The 4 fillets of flounder from yesterday’s butchering were turned into two completely different dishes.

One dish shallow-poached — I think this dish is called a paupiette, will have to confirm with chefs tomorrow. The rolled up flounder fillets were stuffed with salmon mousseline and finished in a cream-based fish stock reduction sauce. This is so French, so labor-intensive, and so white table cloth. Sometimes, it’s the technique and labor involved in a dish that makes the dish. This fish was delicate in texture yet powerful in flavor. The reduction of fish fumet (which was also the poaching liquid) intensified all the good seafoodness reminiscent of crab mustard. Unfortunately Chef Oremus says a perfect mousseline can only be achieved with a robot coupe and not a home model food processor.I’ll have to be creative with the stuffing for this to go on a dinner party menu.

The other dish fried — flakey, moist center with a golden brown crispy panko breading. Add a few fries, freshly whipped tartar sauce, and a drop of sriracha (genius, Tameka!), and it was the best lunch at 10am.
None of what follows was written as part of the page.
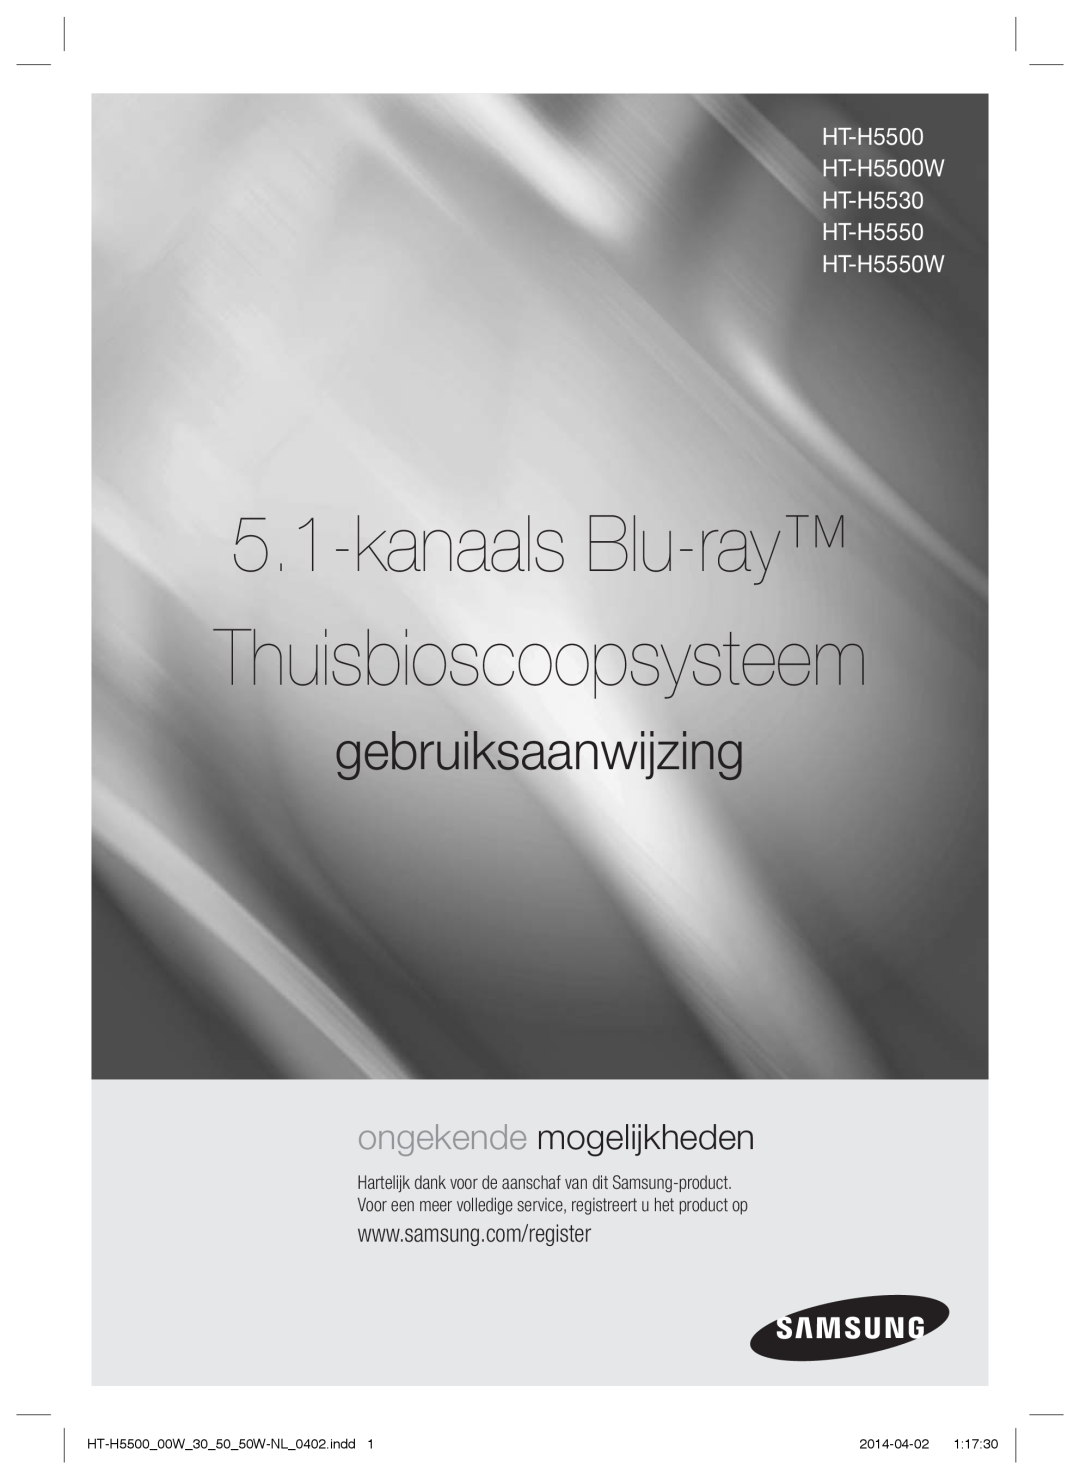 Samsung HT-H5550/XU manual kanaals Blu-ray Thuisbioscoopsysteem, gebruiksaanwijzing, ongekende mogelijkheden, 2014-04-02

There is a real sense of accomplishment in utilizing a fish in its entirety. From the breakdown into fillets, the turning of fillets into 2 distinct dishes, to the incredibly fragrant fish stock extracted from bones, all of it together honors the life of the fish.

I eat whole fishes. Breaking fish down to fillets is one of those things I never thought I would be doing.

But as with everything in school so far, I tried it and I liked it.

Flat fish breakdown was demonstrated with flounder and instead of waiting a day after the demo to get down and dirty, we got to play right away.

Down to the bone.

Did you know that one flat fish yields 4 fillets? (round fish yields 2)

There is definitely room for improvement on this one. Gotta make the bones and skin cleaner. In Foundations III we’ll each get to breakdown a whole salmon. That’s gonna be a riot.

The fish bones will go into a fumet (fish stock) tomorrow and half of the fillets will be breaded & fried. But maybe I’ll just accidentally flour this skeleton up and drop it in the fryer. One of the best crispy eating there is: fried-to-a-brittle-salty-crunch-thin-fish-bones. YUM YUM!

It’s about time!

Finally got some pork going. I ate a lot of pork growing up. Pork is the quadruped of  choice in my family and we eat every part of it. But the funny thing is, the one part of pork we cooked today is the part that I’m least familiar with — loin. Lean and easily overcooked, loin hasn’t been terribly exciting in my food memory.

How about a nice grilled loin steak of medium doneness, with a little pink on the inside? That’s even more unfamiliar to my eating habits. Underdone pork comes as a little mental hurdle but hey, that texture was amazing. Moist and tender with a little chew, slabbed on a pad of compound butter, I couldn’t believe it was pork.

Might have to throw this on the grill at home next time. But just for more adventurous friends, my family’s not ready for this.

Chef Oremus cleaning the grill for us.

The all-important diamond-shaped grill marks.

Now another dish that is equally foreign to my pork consumption patterns but satisfyingly comforting: Pork Scallopine Marsala.
Pounding with a meat mallet is always a good way to start a day in the kitchen. Mushroomy, marsala wine sauce coating thin pieces of pounded pork that’s sauteed in butter. Ai-ya-ya. Delicious morning of non-stop tasty pork bites. After having to discard a pan of burnt bits and re-doing the sauce emulsion, the born-again dish came out just the way Jesus would’ve wanted it. Wait, did Jesus eat pork?